Сансиро удивлялся беспечности Нономии. Раз он с такой лёгкостью согласился снова жить на квартире, стоило ли снимать целый дом? Интересно, как он распорядится всеми своими сковородками, котелками, лоханями и другой домашней утварью, подумал Сансиро, однако эти свои соображения решил не высказывать вслух. И ещё Сансиро подумал, что Нономия-сан превратится теперь из главы семьи чуть ли не в простого сёсэя и освободится от житейских забот. Ёсико будет жить у Минэко. А брат с сестрой должны постоянно видеться друг с другом — так уж они устроены. Благодаря этому отношения Нономии-сан с Минэко могут постепенно перейти в иное качество, и не исключено, что в один прекрасный день у Нономии-сан навсегда отпадёт необходимость снимать квартиру.

Такое безотрадное будущее рисовалось Сансиро, пока он беседовал с Минэко.
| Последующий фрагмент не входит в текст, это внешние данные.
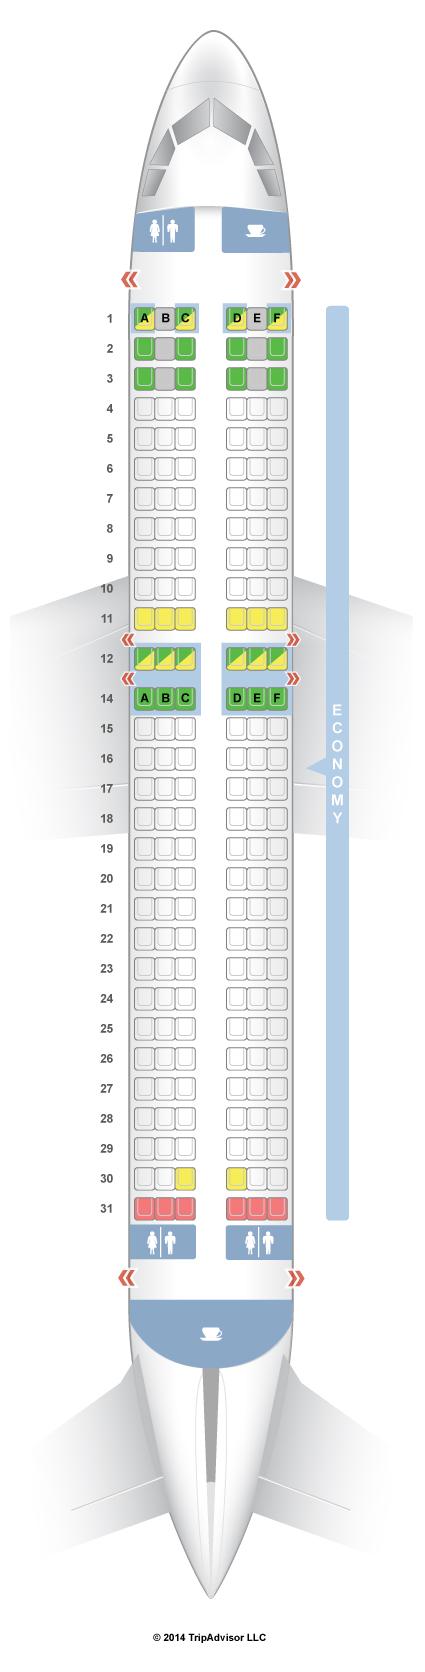 Love Seats Stoelen.Seatguru Seat Map Vueling Airlines Seatguru

Что говорить, приятного мало! Сансиро стоило огромных усилий ничем не выдать своего настроения. Хорошо, что в это время вернулась Ёсико. Девушки не знали, то ли им вернуться на соревнования, то ли не возвращаться, но осеннее солнце садится рано, стало свежо, и они решили идти домой. Сансиро тоже хотел идти домой, но ему никак не удавалось попрощаться с девушками, потому что разговор ни на минуту не прекращался. Они словно бы увлекали его за собой в противоположную от его дома сторону. Но он не очень этому противился и, не отставая ни на шаг, пошёл вместе с девушками мимо пруда и библиотеки к главным воротам университета.
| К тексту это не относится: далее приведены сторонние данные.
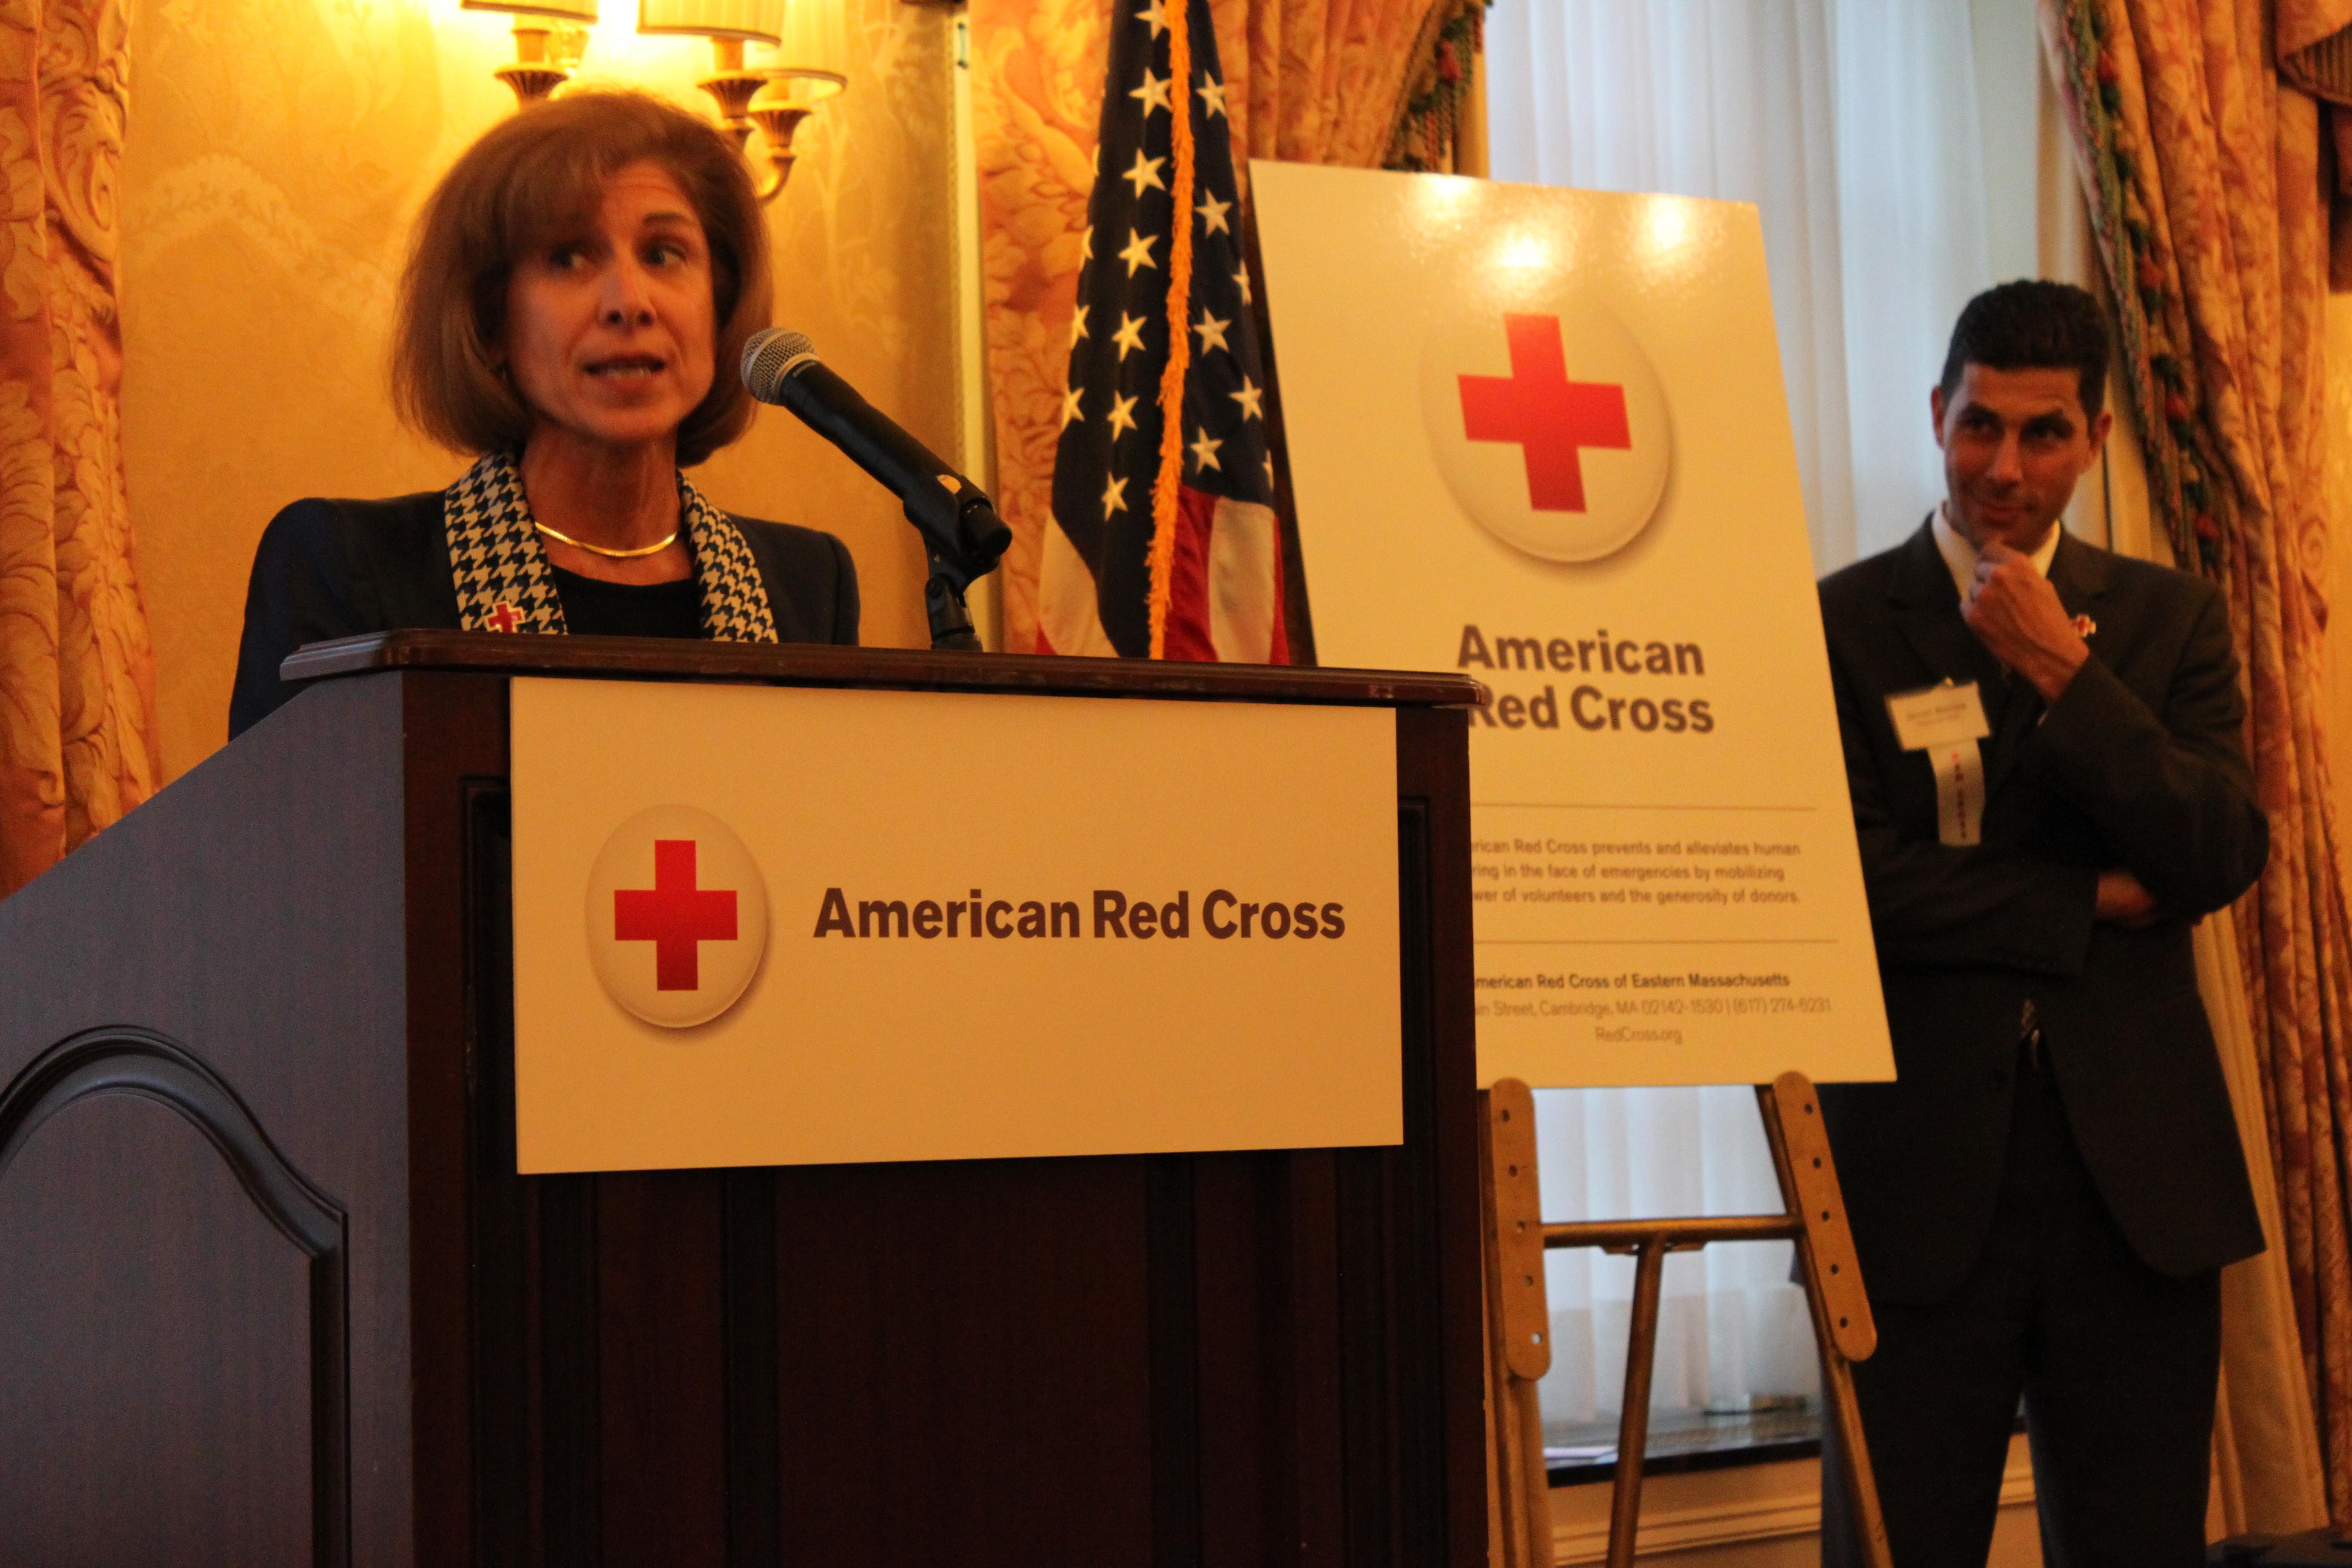 American Red Cross President Ceo Speaks In Boston

— Я слышал, что ваш брат снова будет снимать комнату? — обратился Сансиро к Ёсико.

— Да, так он решил, — сразу же отозвалась Ёсико. — А кое-кого спровадил к Минэко-сан. Каково, а? — добавила она, как бы ища сочувствия. Сансиро хотел ответить, но его опередила Минэко.

— Таким людям, как Нономия-сан, чужды наши желания. Их занимают вещи более важные, — почти с восхищением произнесла Минэко. Ёсико слушала молча. — Житейские дела лишь докучают настоящему учёному. Ради науки он готов терпеть любые лишения. И с этим ничего не сделаешь. Нономия-сан известен даже за границей, а снимает комнату, как бедный студент, и чем хуже эта комната, тем большего он достоин уважения. — Минэко без конца расточала похвалы в адрес Нономии-сан.

У ворот университета Сансиро наконец простился с девушками. И пока шёл домой, всё время размышлял над тем, что говорила Минэко. Она, конечно, права. Разве сравнишь его, Сансиро, с Нономией-сан? Сансиро — провинциал и лишь недавно поступил в университет. Ни образования у него нет, ни настоящих знаний. Не удивительно, что Минэко так уважает Нономию, а Сансиро ни во что не ставит, даже насмехается над ним. С самым серьёзным видом спросила, что интересного он нашёл на холме, когда он сказал, что сбежал с соревнований. В тот момент он это пропустил мимо ушей, а ведь она, пожалуй, над ним издевалась. Сансиро перебирал в памяти каждое слово, каждый поступок девушки на протяжении всего их знакомства. Всё представлялось ему сейчас в мрачном свете. И, пробираясь сквозь толпу прохожих, он залился краской стыда и опустил голову. А когда поднял невзначай глаза, то увидел, что навстречу ему идут Ёдзиро и тот самый студент, который тогда на вечере произносил речь. Ёдзиро молча кивнул головой, студент снял фуражку и поклонился.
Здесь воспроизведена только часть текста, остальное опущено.